# Look at this poor baby



## bellapuppy (Dec 1, 2008)

I will have to stop looking because it just breaks my heart every time. Bless all of you who rescue.

http://www.petfinder.com/petnote/displaype...?petid=13501555


----------



## 08chrissy08 (Sep 19, 2008)

This baby and the one in your other post look so forlorn. In a sad cold environment. Poor babies  I hope someone takes them in very soon.


----------



## sophie (Jul 9, 2006)

That's is so sad!  No name, just a number. It breaks my heart!

Linda


----------



## jodublin (Sep 27, 2006)

very sad :crying:


----------



## chiquita55 (Feb 3, 2008)

There's another one for Deb! He is in Pasadena. The poor thing. He looks scared to death. They don't have 1 bit about him there.
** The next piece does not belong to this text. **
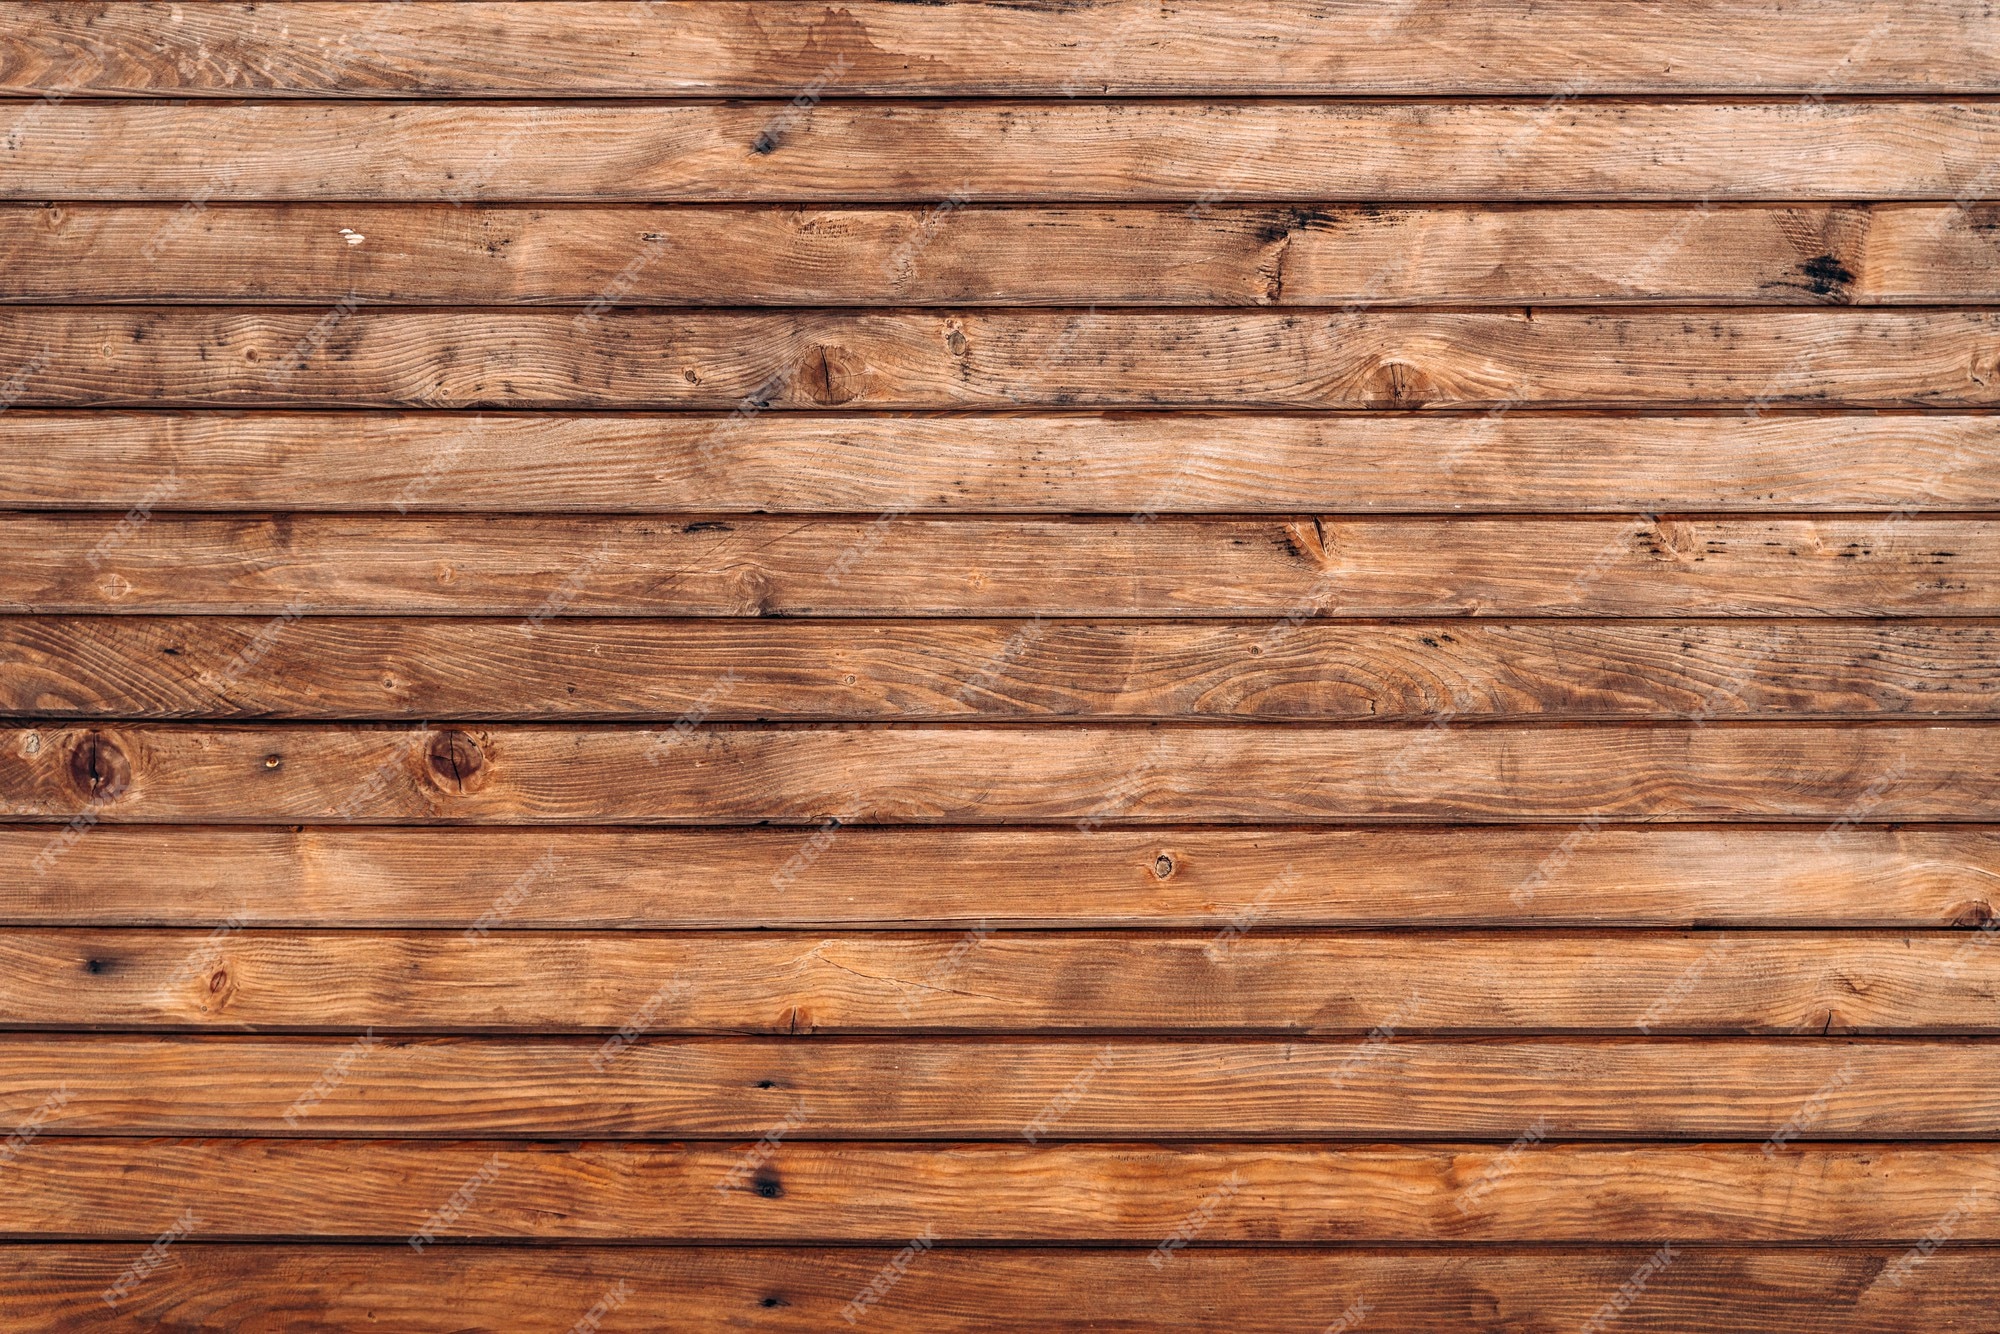 Tấm ván gỗ tái chế đang là xu hướng trang trí nội thất hot nhất hiện nay. Nếu bạn đang tìm kiếm ý tưởng trang trí tường mới, hãy xem bộ sưu tập hình ảnh về tấm ván gỗ tái chế trang trí tường này. Bạn sẽ được khám phá ra nhiều cách sáng tạo mới.
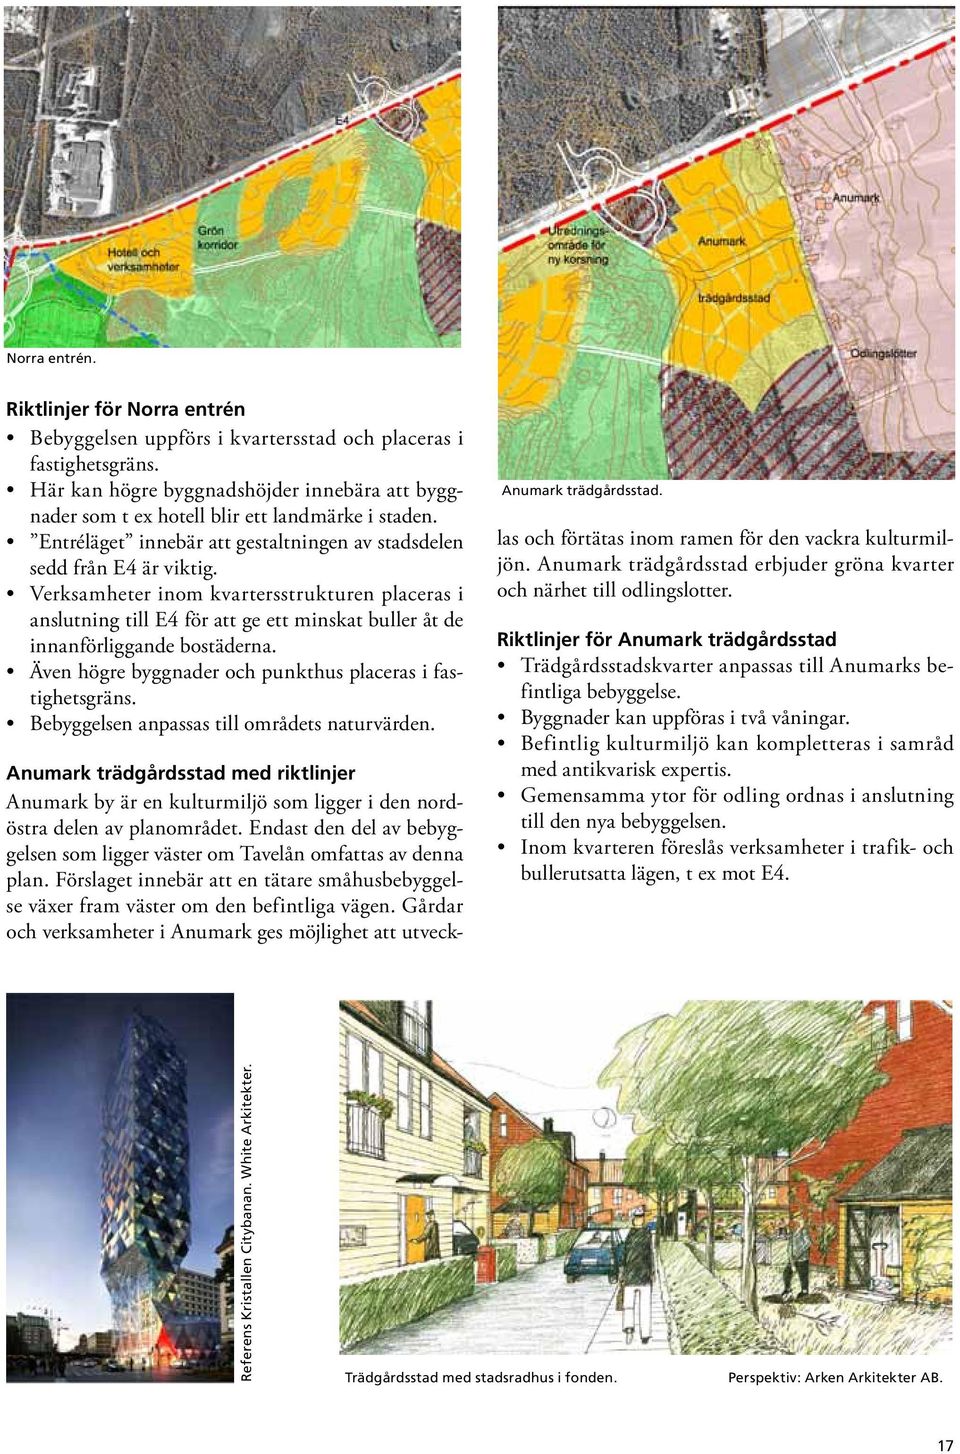 Verksamheter inom kvartersstrukturen placeras i anslutning till E4 för att ge ett minskat buller åt de innanförliggande bostäderna. Även högre byggnader och punkthus placeras i fastighetsgräns.

QUOTE (jodublin @ Apr 18 2009, 07:00 AM) index.php?act=findpost&pid=764367


> very sad :crying:[/B]


----------



## lottapaws (Mar 29, 2006)

They need to groom this baby so he can feel better and so others can see what a beautiful baby is under those mats! Heart breaking!!! :crying:


----------



## bellasmummy (Apr 8, 2009)

QUOTE (lottapaws @ Apr 20 2009, 08:00 PM) index.php?act=findpost&pid=765296


> They need to groom this baby so he can feel better and so others can see what a beautiful baby is under those mats! Heart breaking!!! :crying:[/B]



i agree! poor little baby :crying:


----------